Finite volume Triangular grids SBP Energy stability Compressible Navier–Stokes Kinetic energy preservation## 1 Introduction

Finite volume methods might be cell-centered or vertex-centered depending on the spatial location of the solution. In the latter case, a dual finite volume has to be constructed around each vertex, including vertices on the boundary. On triangular/tetrahedral grids, the vertex-based scheme has a flavour of finite element method using \(P_1\) basis functions, especially for the discretization of Laplacian term [1]. A difficulty that presents itself with vertex-centered scheme is the implementation of boundary conditions since there are degrees of freedom located on the boundaries. For the Poisson or heat equation, one can directly set the Dirichlet boundary condition for vertices on the boundary and update only the interior vertices using the finite volume method. This is the *strong* implementation of the boundary condition. For compressible Navier–Stokes equations, the no-slip boundary condition can be implemented strongly; but there are additional variables due to density and energy. The usual practice is to update all the quantities for a boundary vertex using the finite volume method and then reset the velocity to satisfy the no-slip condition. The degrees of freedom in a compressible model are the mass density, momentum density and energy density while boundary conditions are usually provided on velocity and temperature, which are not degrees of freedom but are derived quantities from the actual degrees of freedom.
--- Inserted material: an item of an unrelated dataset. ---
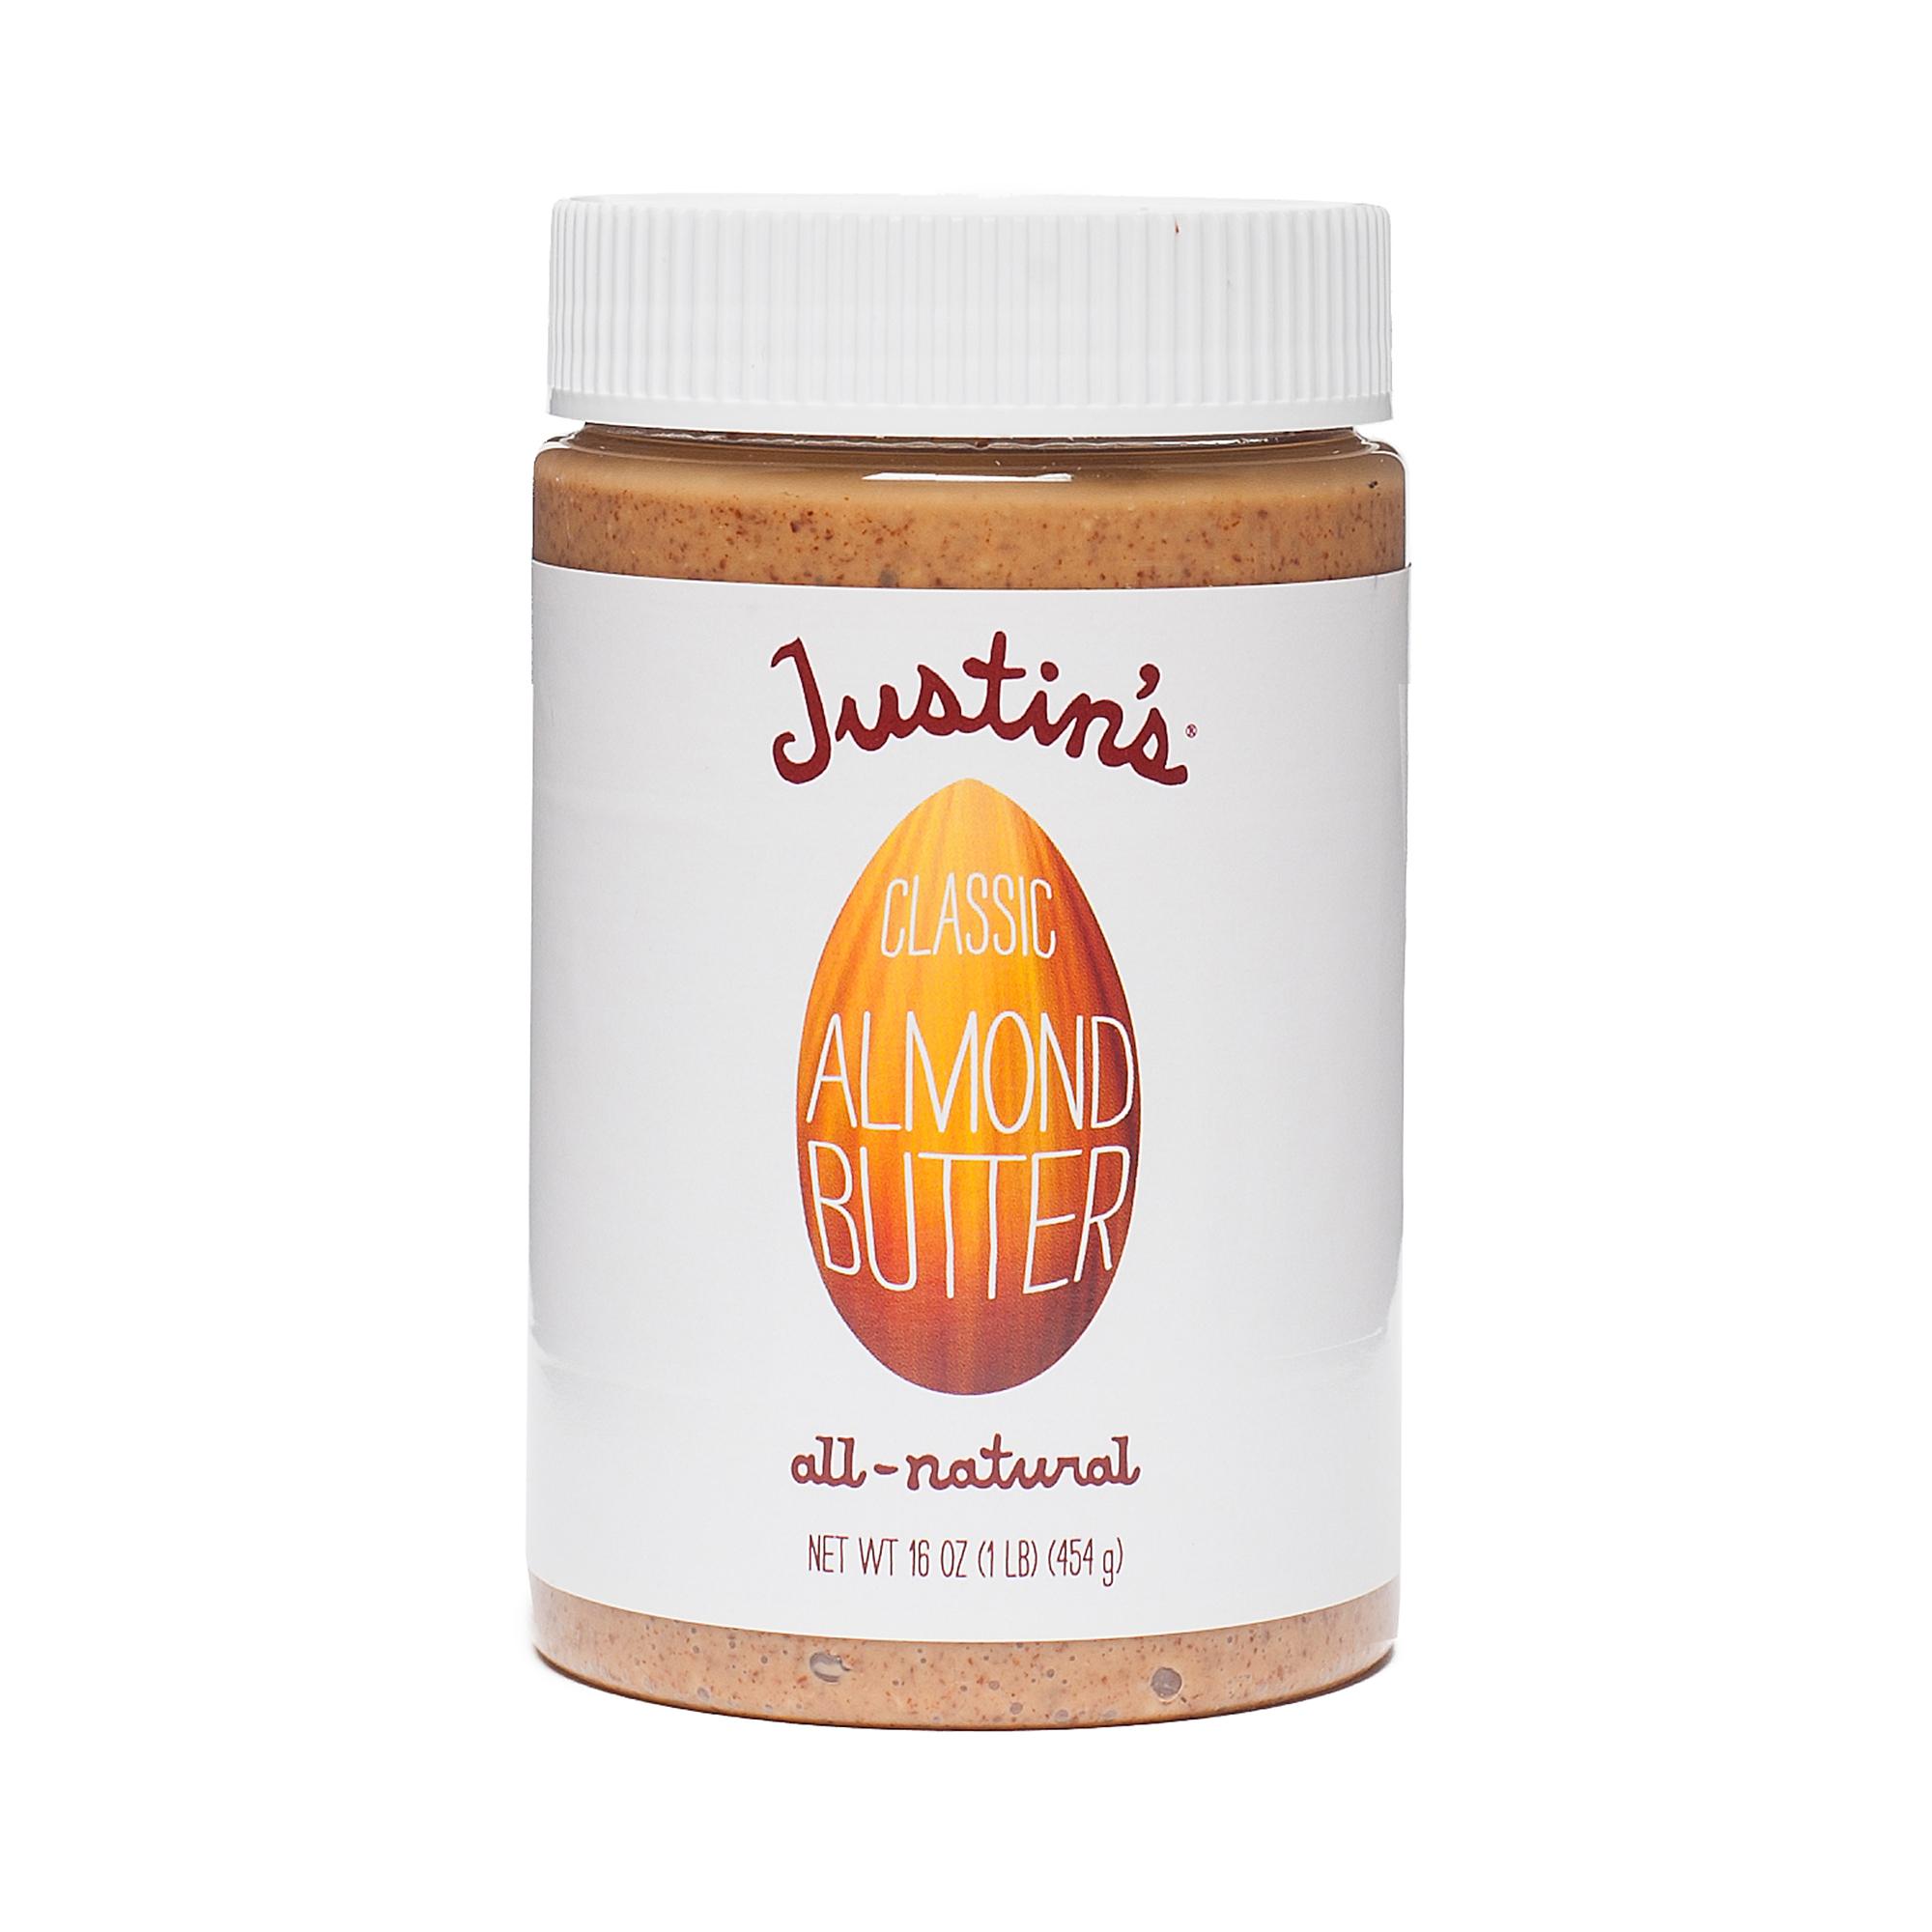 Justin's Classic Almond Butter 16 oz jar

In a *weak* implementation of Dirichlet boundary conditions, one updates boundary points also using the finite volume method which should implicitly account for the boundary conditions. The boundary vertex value is not reset to the boundary condition value as in the strong implementation, so that the solution on the boundary vertices do not exactly agree with the Dirichlet conditions. It is not necessary to exactly satisfy the boundary conditions since anyway the interior solution is only approximate. The error in the boundary solution should be acceptable as long as it is of the same order as the error of the interior solution and the global error converges at expected rates. It must also be remembered that the solution of a finite volume method denotes cell average values and not point values. The cell average value is a second order approximation to the solution at the centroid of the finite volume. For a dual cell around a boundary vertex, the cell lies only on one side of the boundary and the cell centroid does not lie on the boundary. The solution at a boundary vertex in a finite volume method thus represents the average value in the boundary cell and is not the value of the solution at the boundary vertex.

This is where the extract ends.